### ENTRIES SHOWN
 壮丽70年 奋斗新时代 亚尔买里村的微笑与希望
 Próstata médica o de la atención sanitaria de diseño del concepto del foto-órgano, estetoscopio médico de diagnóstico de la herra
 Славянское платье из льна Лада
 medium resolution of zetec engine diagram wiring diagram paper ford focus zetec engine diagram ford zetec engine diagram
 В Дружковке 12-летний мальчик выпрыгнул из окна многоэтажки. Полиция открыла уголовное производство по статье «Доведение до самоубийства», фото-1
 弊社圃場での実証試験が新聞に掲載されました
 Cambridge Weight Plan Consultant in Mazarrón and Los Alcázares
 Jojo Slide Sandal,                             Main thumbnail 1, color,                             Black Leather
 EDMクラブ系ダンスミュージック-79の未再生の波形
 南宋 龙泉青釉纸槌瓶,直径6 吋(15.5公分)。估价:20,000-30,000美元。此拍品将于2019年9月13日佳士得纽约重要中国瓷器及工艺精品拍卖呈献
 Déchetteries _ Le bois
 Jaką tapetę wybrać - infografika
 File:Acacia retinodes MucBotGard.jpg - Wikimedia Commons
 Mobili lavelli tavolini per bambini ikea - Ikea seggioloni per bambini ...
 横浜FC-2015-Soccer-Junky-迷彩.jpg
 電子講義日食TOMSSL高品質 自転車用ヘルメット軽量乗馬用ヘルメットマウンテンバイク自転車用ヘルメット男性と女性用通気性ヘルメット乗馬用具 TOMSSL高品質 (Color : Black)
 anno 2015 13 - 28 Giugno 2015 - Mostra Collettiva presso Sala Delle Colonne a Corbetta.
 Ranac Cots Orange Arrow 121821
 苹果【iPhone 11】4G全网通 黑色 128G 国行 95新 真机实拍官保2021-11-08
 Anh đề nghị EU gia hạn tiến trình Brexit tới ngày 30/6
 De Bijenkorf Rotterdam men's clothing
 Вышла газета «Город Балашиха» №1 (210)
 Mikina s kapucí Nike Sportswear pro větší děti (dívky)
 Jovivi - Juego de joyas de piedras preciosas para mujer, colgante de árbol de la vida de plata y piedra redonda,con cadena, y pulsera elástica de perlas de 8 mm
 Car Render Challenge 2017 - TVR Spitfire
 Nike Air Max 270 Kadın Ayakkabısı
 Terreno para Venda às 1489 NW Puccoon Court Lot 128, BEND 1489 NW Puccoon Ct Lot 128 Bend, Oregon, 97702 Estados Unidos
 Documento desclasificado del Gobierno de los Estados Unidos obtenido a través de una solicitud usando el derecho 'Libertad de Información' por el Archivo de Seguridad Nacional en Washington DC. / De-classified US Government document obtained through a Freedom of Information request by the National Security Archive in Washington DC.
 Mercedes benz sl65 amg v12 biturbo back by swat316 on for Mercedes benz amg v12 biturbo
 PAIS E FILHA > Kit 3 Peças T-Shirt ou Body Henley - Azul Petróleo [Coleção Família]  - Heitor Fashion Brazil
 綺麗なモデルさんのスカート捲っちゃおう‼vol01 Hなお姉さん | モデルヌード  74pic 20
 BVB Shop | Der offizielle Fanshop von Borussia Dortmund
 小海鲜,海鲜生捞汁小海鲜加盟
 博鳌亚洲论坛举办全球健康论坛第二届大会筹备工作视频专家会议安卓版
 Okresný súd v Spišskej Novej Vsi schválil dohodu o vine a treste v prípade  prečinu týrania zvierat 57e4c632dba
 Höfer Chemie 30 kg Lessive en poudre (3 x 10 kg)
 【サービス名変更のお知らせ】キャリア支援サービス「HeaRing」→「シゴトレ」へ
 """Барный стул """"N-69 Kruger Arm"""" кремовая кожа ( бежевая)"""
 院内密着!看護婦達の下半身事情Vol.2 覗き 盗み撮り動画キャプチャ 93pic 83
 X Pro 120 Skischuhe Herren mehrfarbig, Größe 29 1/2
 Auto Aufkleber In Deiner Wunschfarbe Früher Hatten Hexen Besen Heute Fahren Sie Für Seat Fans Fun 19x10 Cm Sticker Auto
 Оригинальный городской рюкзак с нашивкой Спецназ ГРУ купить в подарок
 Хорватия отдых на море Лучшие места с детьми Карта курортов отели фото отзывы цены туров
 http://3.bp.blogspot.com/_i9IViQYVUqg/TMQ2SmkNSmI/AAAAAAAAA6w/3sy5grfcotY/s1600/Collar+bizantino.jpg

### THE TASK
Would you please reproduce the records above exactly, only from their first line through the line holding "Nike Air Max 270 Kadın Ayakkabısı", with both ends included?

### REPLY
 壮丽70年 奋斗新时代 亚尔买里村的微笑与希望
 Próstata médica o de la atención sanitaria de diseño del concepto del foto-órgano, estetoscopio médico de diagnóstico de la herra
 Славянское платье из льна Лада
 medium resolution of zetec engine diagram wiring diagram paper ford focus zetec engine diagram ford zetec engine diagram
 В Дружковке 12-летний мальчик выпрыгнул из окна многоэтажки. Полиция открыла уголовное производство по статье «Доведение до самоубийства», фото-1
 弊社圃場での実証試験が新聞に掲載されました
 Cambridge Weight Plan Consultant in Mazarrón and Los Alcázares
 Jojo Slide Sandal,                             Main thumbnail 1, color,                             Black Leather
 EDMクラブ系ダンスミュージック-79の未再生の波形
 南宋 龙泉青釉纸槌瓶,直径6 吋(15.5公分)。估价:20,000-30,000美元。此拍品将于2019年9月13日佳士得纽约重要中国瓷器及工艺精品拍卖呈献
 Déchetteries _ Le bois
 Jaką tapetę wybrać - infografika
 File:Acacia retinodes MucBotGard.jpg - Wikimedia Commons
 Mobili lavelli tavolini per bambini ikea - Ikea seggioloni per bambini ...
 横浜FC-2015-Soccer-Junky-迷彩.jpg
 電子講義日食TOMSSL高品質 自転車用ヘルメット軽量乗馬用ヘルメットマウンテンバイク自転車用ヘルメット男性と女性用通気性ヘルメット乗馬用具 TOMSSL高品質 (Color : Black)
 anno 2015 13 - 28 Giugno 2015 - Mostra Collettiva presso Sala Delle Colonne a Corbetta.
 Ranac Cots Orange Arrow 121821
 苹果【iPhone 11】4G全网通 黑色 128G 国行 95新 真机实拍官保2021-11-08
 Anh đề nghị EU gia hạn tiến trình Brexit tới ngày 30/6
 De Bijenkorf Rotterdam men's clothing
 Вышла газета «Город Балашиха» №1 (210)
 Mikina s kapucí Nike Sportswear pro větší děti (dívky)
 Jovivi - Juego de joyas de piedras preciosas para mujer, colgante de árbol de la vida de plata y piedra redonda,con cadena, y pulsera elástica de perlas de 8 mm
 Car Render Challenge 2017 - TVR Spitfire
 Nike Air Max 270 Kadın Ayakkabısı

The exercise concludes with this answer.